Zhang Xiaofan era ahora tan excepcional y guapo, y se resistía a su masaje en esa zona… seguro que debía tener novia.
—Todavía no hemos establecido una relación oficial —dijo Zhang Xiaofan, refiriéndose a Li Tingting.
Aunque no habían confirmado oficialmente su relación al público,
en los corazones de Zhang Xiaofan y Li Tingting, ya estaban en ese punto de intimidad.
De forma algo inesperada, Zhou Zimei sintió de repente una punzada de malestar.
Aunque sabía que no debía sentirse así, estaba fuera de su control.
—Debe de ser muy guapa y extraordinaria, ¿verdad? —preguntó Zhou Zimei.
—Sí.
Zhang Xiaofan asintió.
Zhou Zimei sonrió, de forma un tanto forzada.
Era solo para enmascarar la repentina tristeza que brotaba en su interior.
—Hermana Zi Mei, tú también eres muy guapa —dijo Zhang Xiaofan, consciente de que cuando una mujer elogia activamente a otra, es probable que se sienta incómoda.
—Xiaofan, no hace falta que animes a la Hermana Zi Mei.
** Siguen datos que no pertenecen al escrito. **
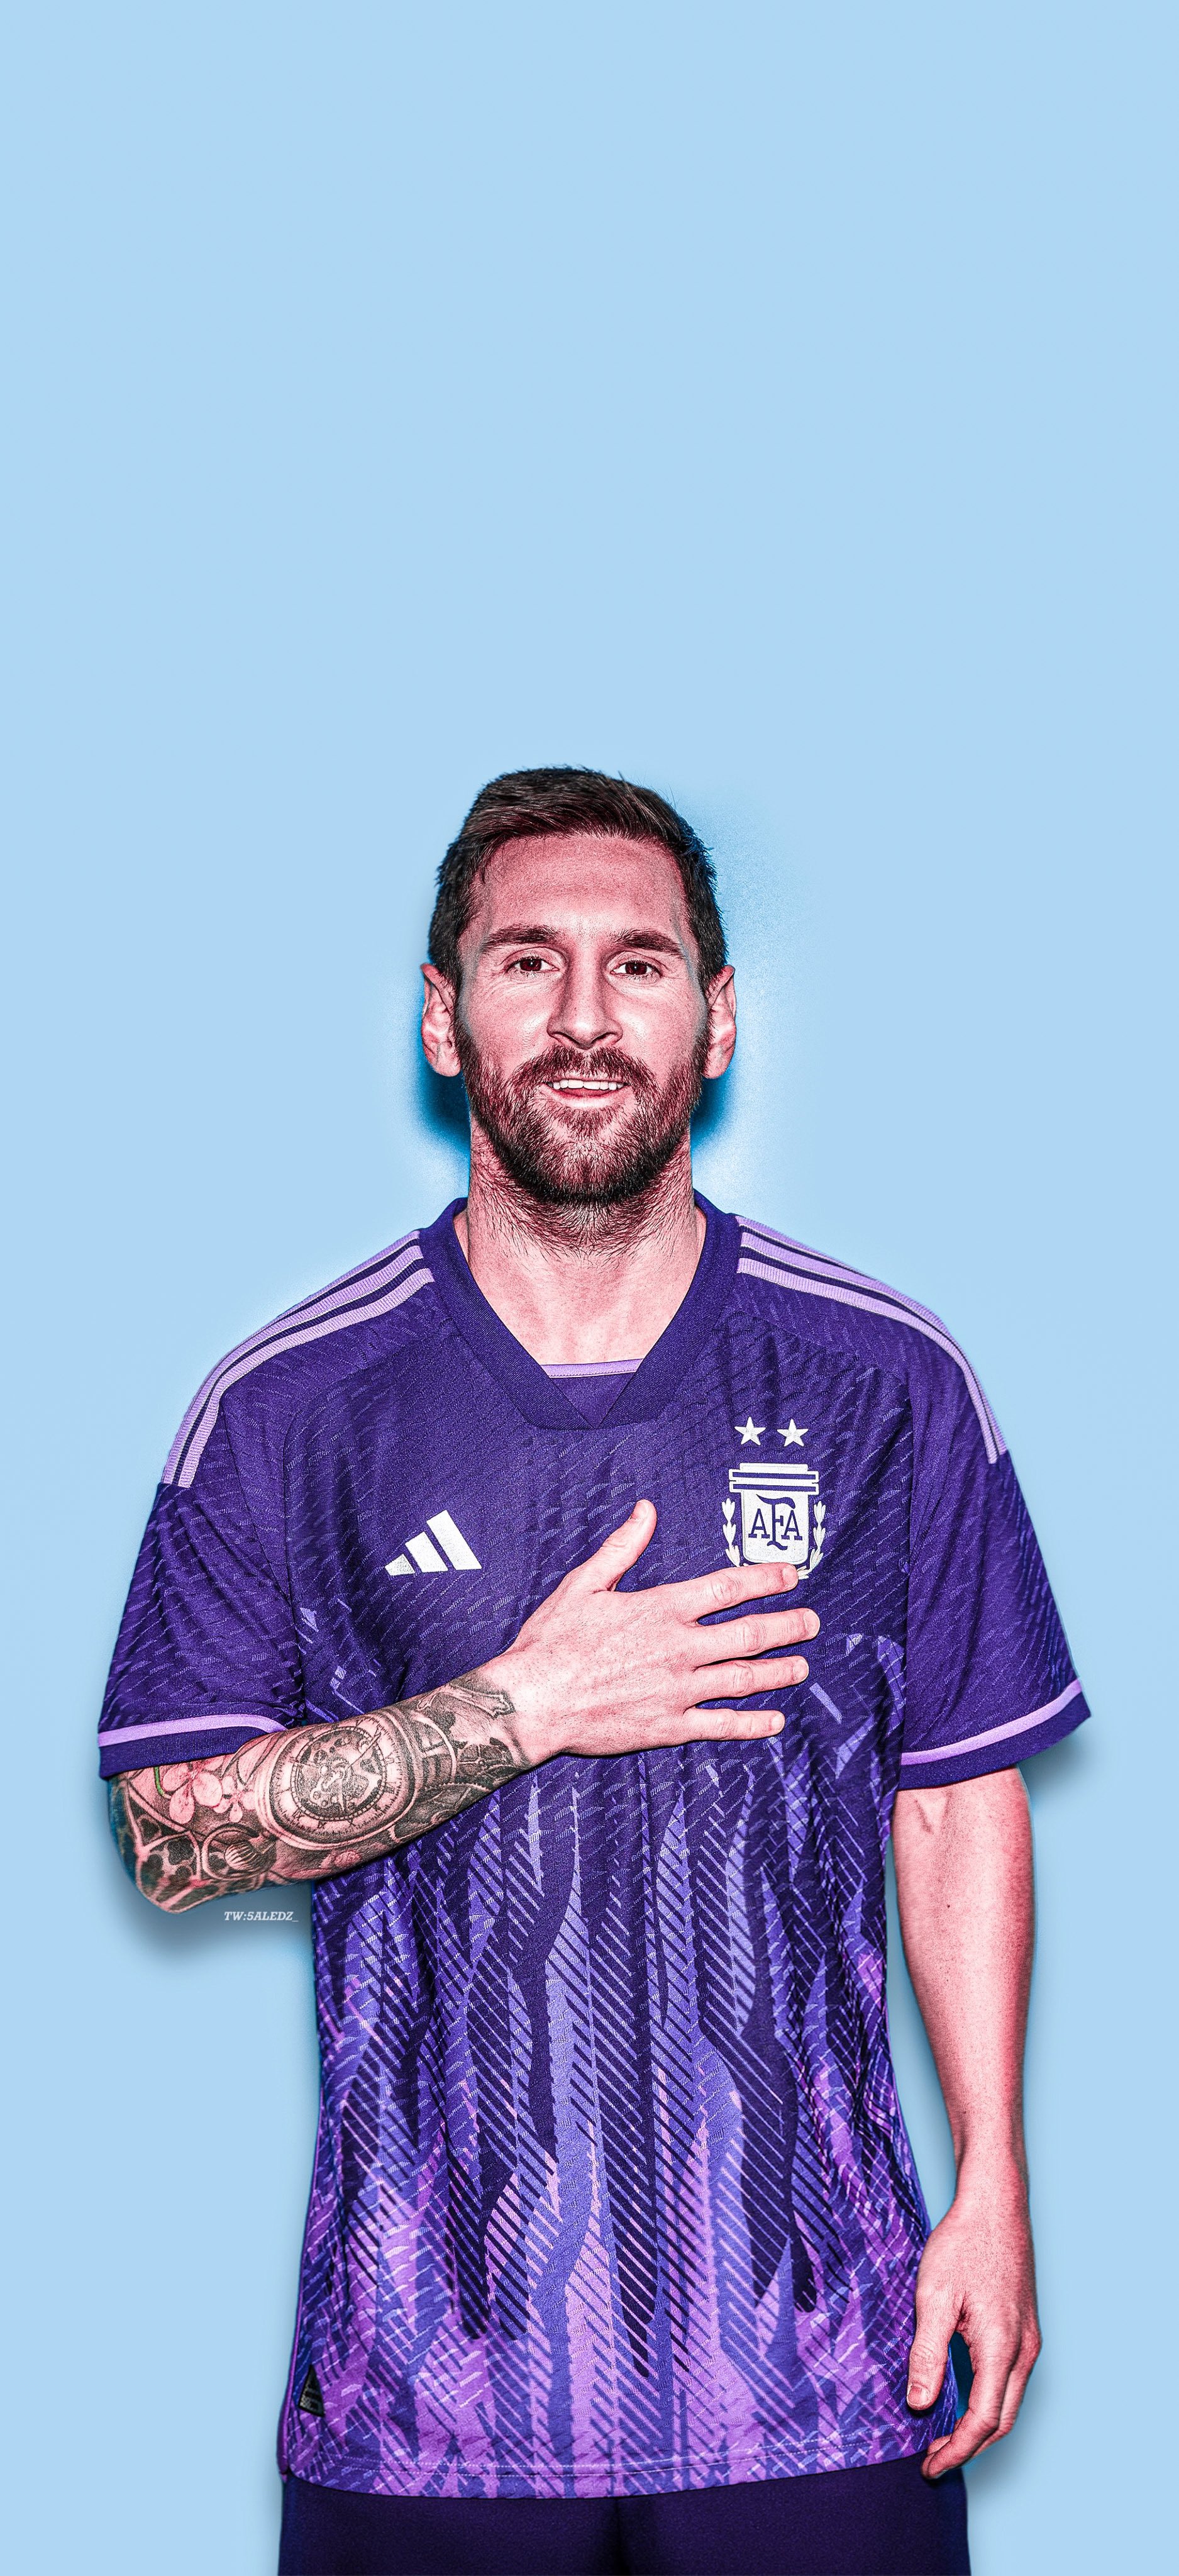 Đứng dậy và cổ vũ cho đội tuyển Argentina trong chiếc áo Jersey Messi nổi tiếng này. Hãy cùng hòa mình vào không khí của bóng đá, bằng những hình ảnh tuyệt đẹp về những người hùng trên sân cỏ.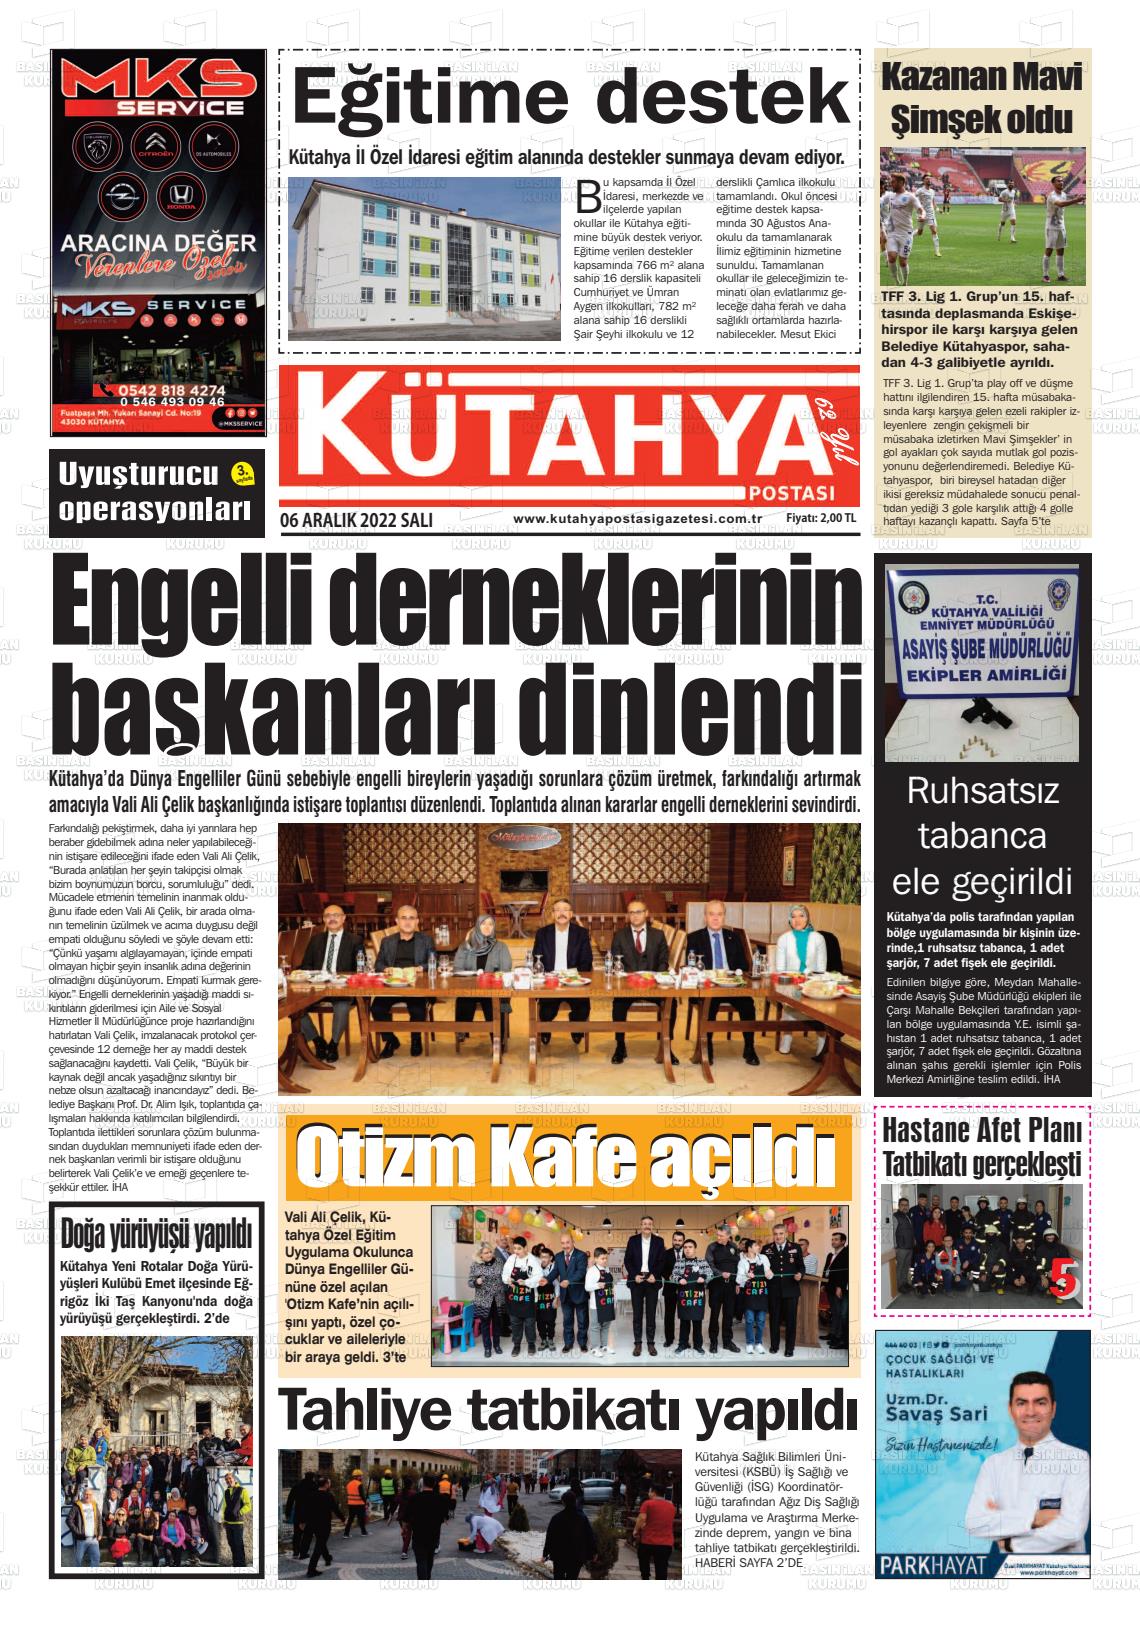 06 Aralık 2022 Kütahya Postası Gazete Manşeti

Ya soy una «mujer sobrante» —dijo Zhou Zimei.
¿«Mujer sobrante»?
Zhang Xiaofan no lo creía en absoluto.
El rostro de Zhou Zimei podría ser normal, pero su figura excepcional era innegable, junto con su piel clara.
Este tipo de mujer era la fantasía de muchos hombres caseros.
Además, Zhou Zimei todavía era virgen, aunque, por supuesto, Zhang Xiaofan no lo sabía.
—Está bien, si ya tienes novia, entonces no debería masajearte —dijo Zhou Zimei.
—Hermana Zi Mei, en realidad, no pasa nada, puedes seguir con el masaje —dijo Zhang Xiaofan, percibiendo la incomodidad de Zhou Zimei.
—Ya tienes novia, si ella supiera que te estoy masajeando ahí, sería un gran problema.
—No pasa nada, es solo un masaje.
—Además, ella sabe que soy médico —dijo Zhang Xiaofan.
—Je, de acuerdo, entonces seguiré con tu masaje —dijo Zhou Zimei con una risa.
Parecía que estaba genuinamente feliz.
…
Diez minutos después.
Zhang Xiaofan estaba tan relajado por el masaje que casi se queda dormido.
Al terminar, Zhou Zimei salió sin decir una palabra por alguna razón.
Zhang Xiaofan esperó unos minutos, pero Zhou Zimei no regresó.
Así que él también salió de la habitación.
—¡Hermana Zi Mei!
—llamó Zhang Xiaofan.
Después de llamarla varias veces sin obtener respuesta,
ella salió del baño, después de haberse aseado.
Y allí estaba Zhang Xiaofan, no muy lejos de la puerta.
Cuando Zhou Zimei vio a Zhang Xiaofan, supo que él entendía lo que ella había estado haciendo dentro.
—Xiaofan, te he hecho ver un lado vergonzoso de mí —admitió Zhou Zimei; ya le había mencionado antes a Zhang Xiaofan que Qian Feng era insatisfactorio en ciertos aspectos.
—Xiaofan, no pude evitarlo; después de todo, soy una mujer normal —dijo ella, y ahora que Zhang Xiaofan ya lo sabía, no tenía nada que ocultar.
Y Zhang Xiaofan comprendía y empatizaba con Zhou Zimei.